Windy Cliff walk: Cliff walk is similar to grid world with the difference that there are bombs all along one edge of a square. We start next to the cliff and want to reach the goal on the other side of the cliff. In windy cliff walk we also assume there is some wind in the steps. In all steps there is a fixed probability that we are pushed one step north. Without wind an optimal path (optimal means shortest) is just along the cliff. With wind that pushes us towards the cliff an optimal path has some safety distance. Here is code to see a visualisation of the result from plain vanilla Q-learning. The current estimated policy (greedy from current Q) is plotted after every episode/rollout), the exploration of state-action pairs is chosen as epsilon-greedy.
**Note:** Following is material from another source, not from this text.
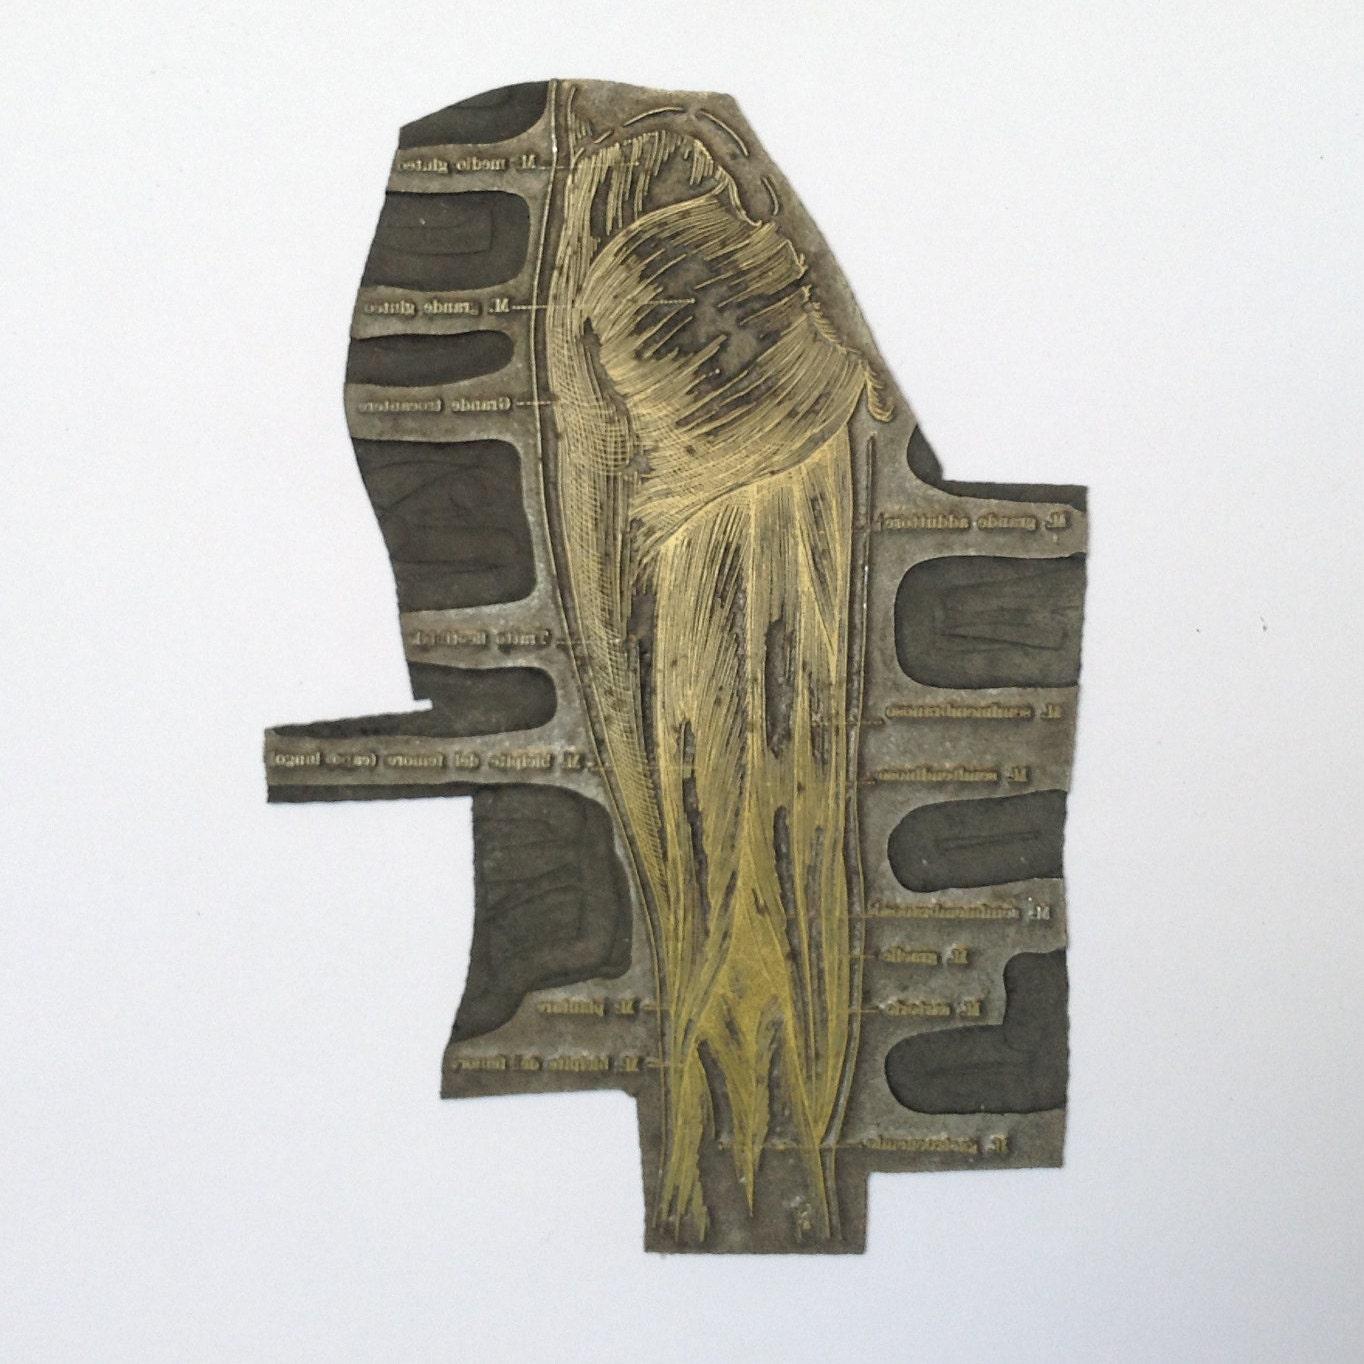 Cliché o matriz de Vintage imprimir anatomía pierna muslo

Q-learning for windy cliff walk

Plain Vanilla Gradient descent: Python code for gradient descent on the quadratic function. Play around with the code by changing learning rates and the function to be optimised!

Gradient descent on the quadratic

• #### Further reading

Sutton & Barto: “Reinforcement Learning – an Introduction” is available online. This covers all major ideas but skipps essentially all details. In essence, this lecture course follows the core ideas of Sutton & Barto but tries to include as much of the missing mathematics as possible.